Escultura feita de árvore de jatobá. (Ticiane Rossi/The Epoch Times)Loja em São Paulo vende produtos 100% brasileiros, em que o conceito de uso dos materiais renováveis reflete a cultura do povo e a biodiversidade da natureza do Brasil

Com o crescimento da preocupação mundial pela natureza, a sustentabilidade se faz presente em muitos empreendimentos. A união do caráter econômico, social e ambiental pode ser vista no Ateliê Especiarias, loja que vende joias, decoração e acessórios com materiais 100% brasileiros. São produtos de artesanato feitos por 67 associações e cooperativas de todo Brasil.
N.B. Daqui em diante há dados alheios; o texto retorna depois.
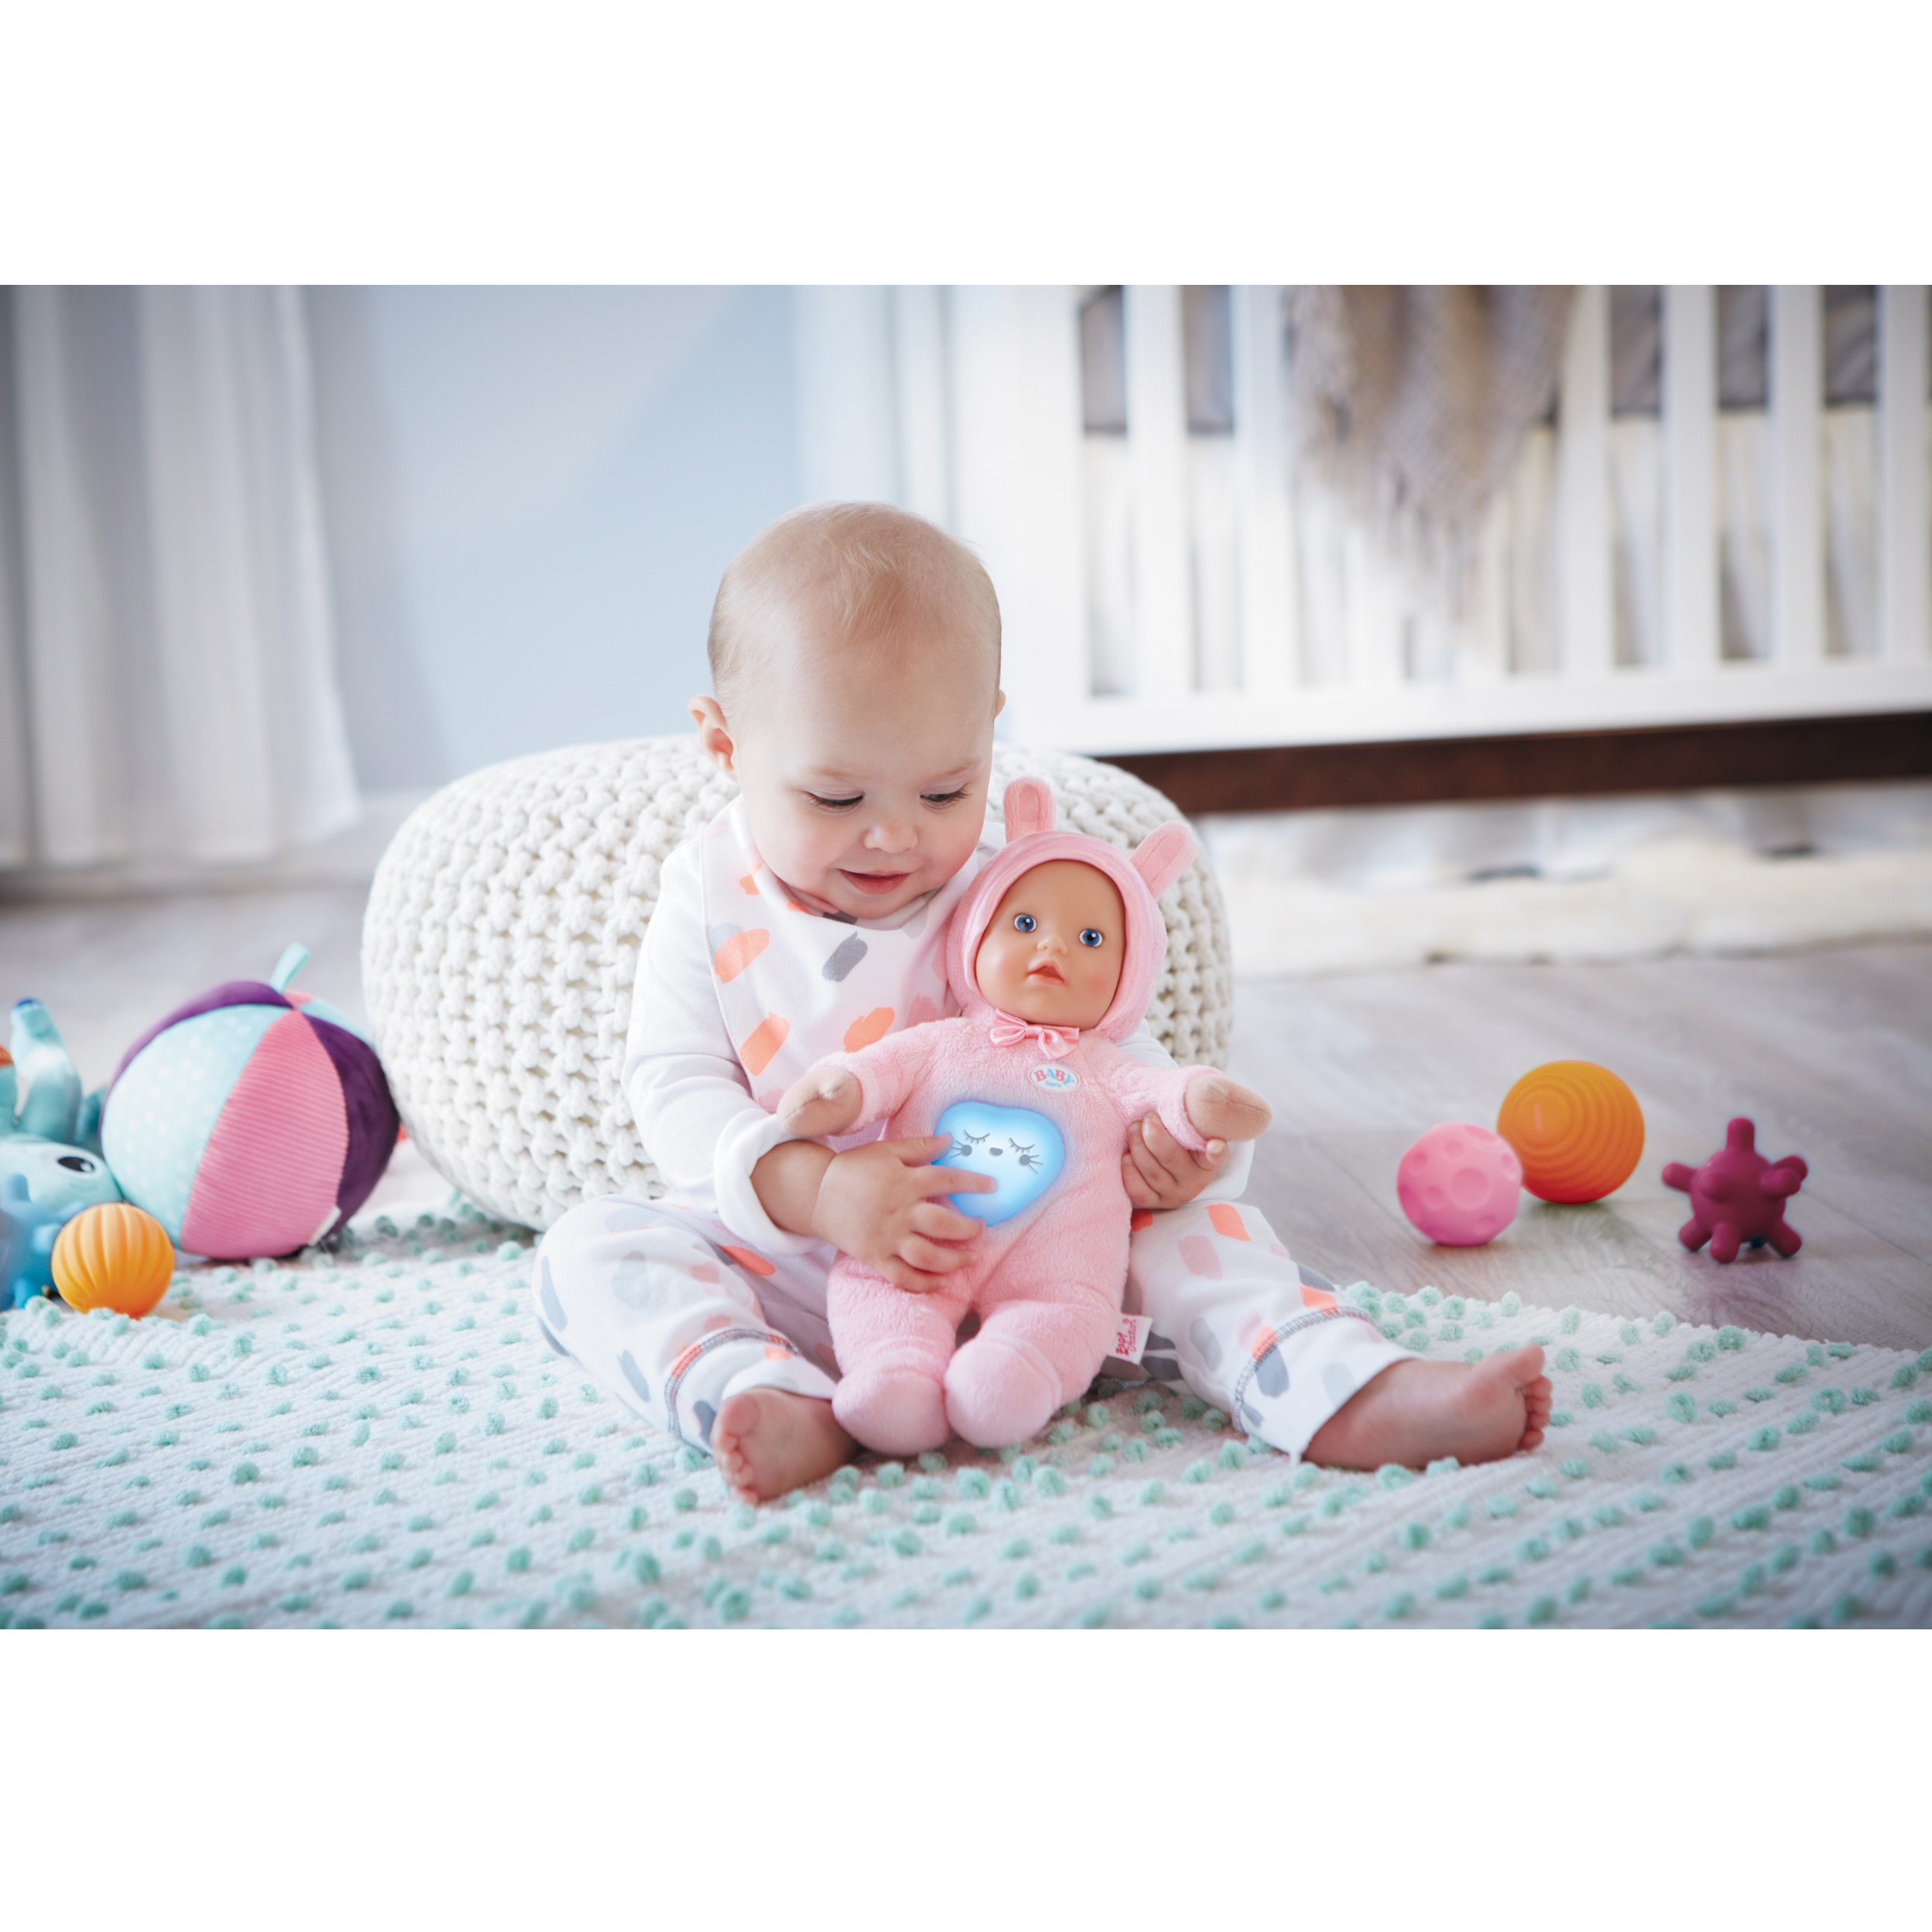 Good Night Pics Cute Baby Best Hd Wallpaper

Amazônia, Cerrado, Deserto do Jalapão e Delta do Parnaíba são alguns dos lugares destas comunidades e associações. Estes trabalhadores transformam materiais provenientes da realidade de seus ecossistemas, agregam sua cultura e fazem produtos que levam seu conceito autêntico.
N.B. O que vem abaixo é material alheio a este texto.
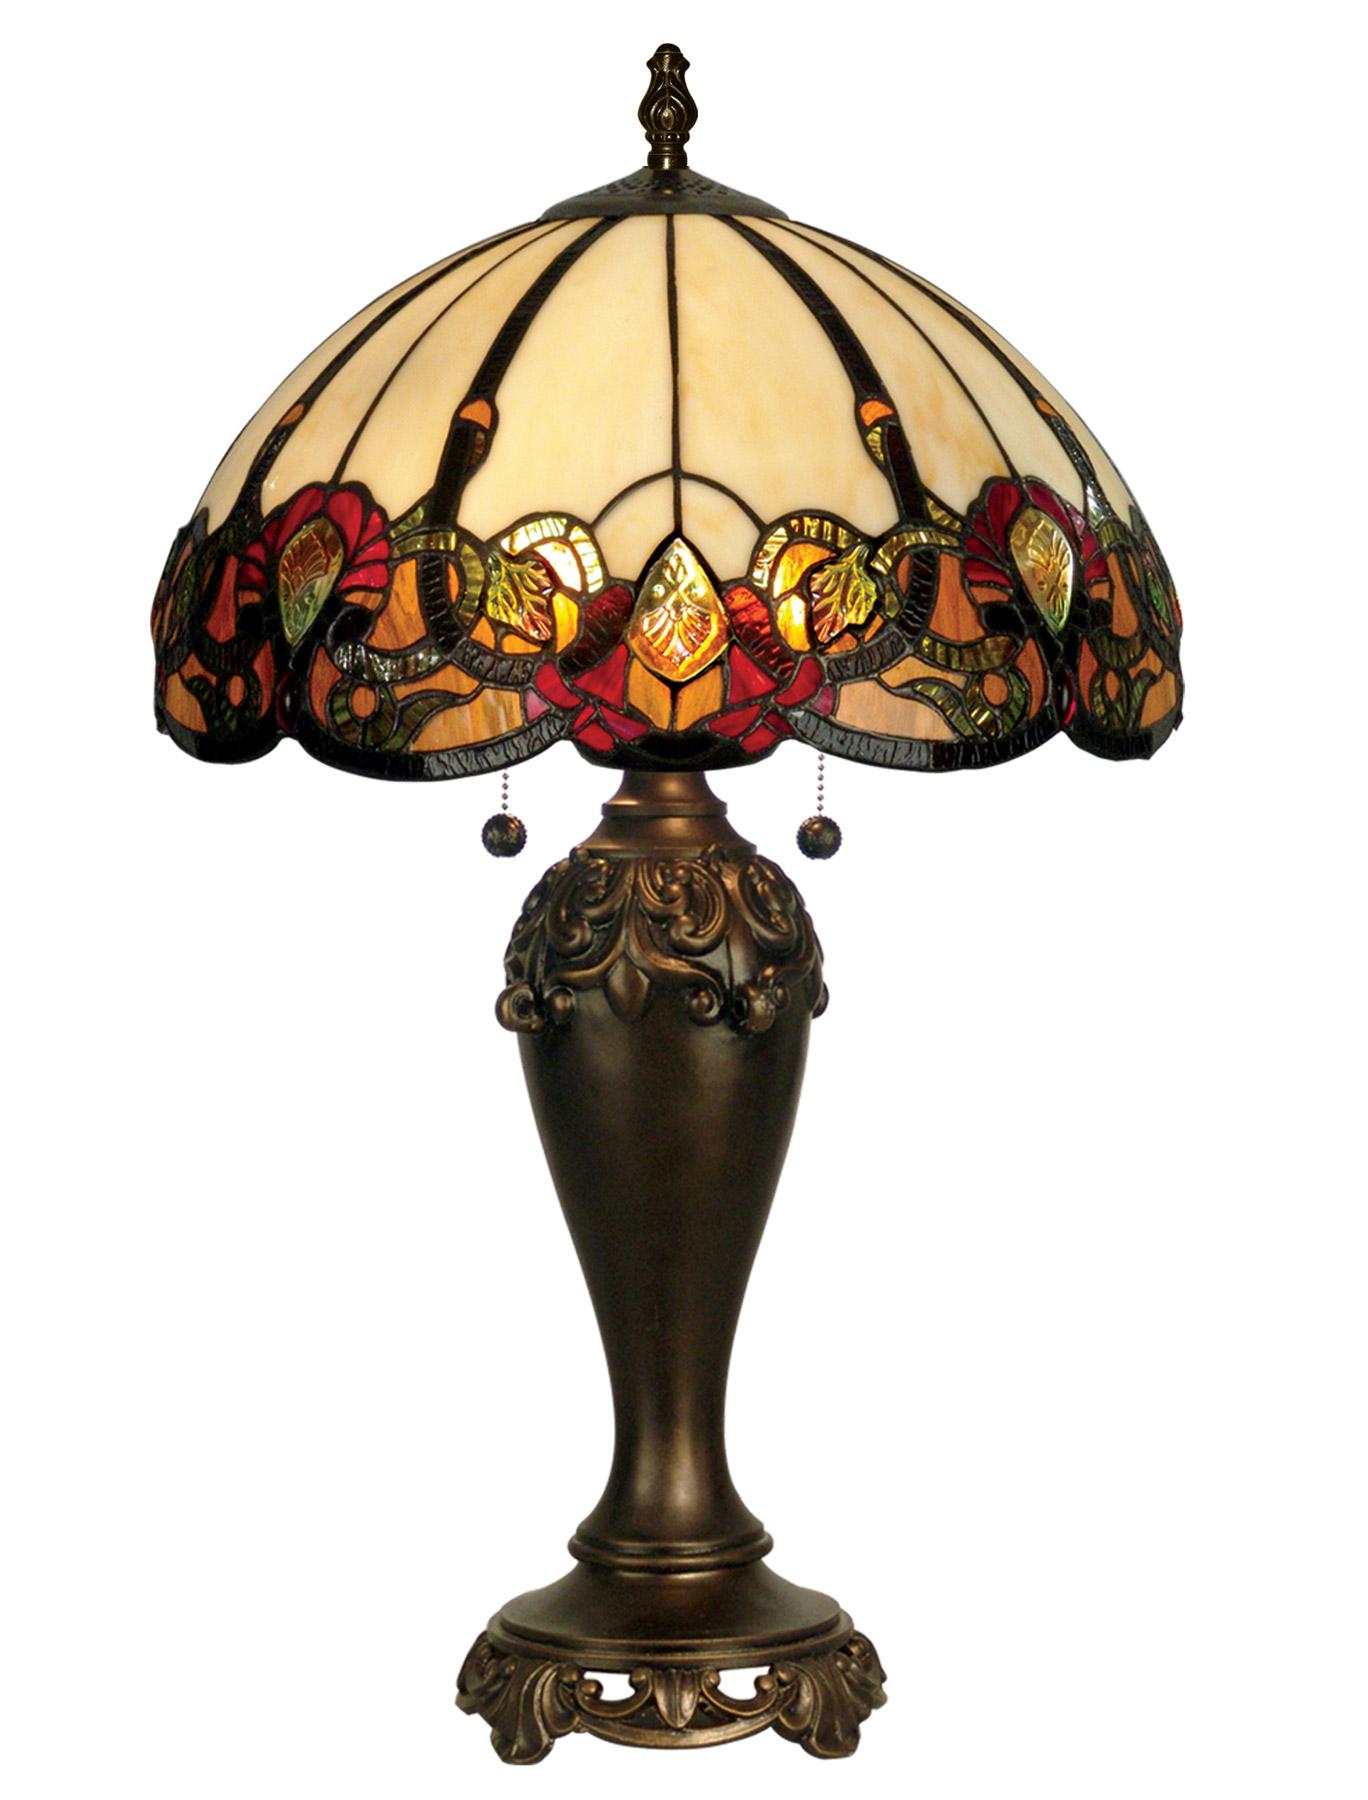 Dale Tiffany TT90235 Tiffany Northlake Table Lamp

“O produto é único, a pessoa está levando um conceito, não há uma peça igual à outra”, disse Rodrigo, idealizador do conceito que une moda e sustentabilidade, em entrevista exclusiva para o Epoch Times. É um contraponto entre o consumidor consciente e o consumismo compulsivo da moda, que hoje trabalha com produção em massa.

Como tudo muda rapidamente, tem-se que comprar sempre, o que causa o consumismo impulsivo. O consumo consciente é diferente, é mais amplo, compra somente o que se necessita para viver. É estar consciente do que se está comprando, afirma Rodrigo. “Nosso grande desafio diário é unir o consumo consciente com a moda”, diz ele.

Em sua loja, Rodrigo trabalha com o conceito: Os produtos são feitos de materiais renováveis (mas limitados), artesanais, e, portanto, únicos. Descartar esses produtos na natureza não gera poluição, pois são biodegradáveis.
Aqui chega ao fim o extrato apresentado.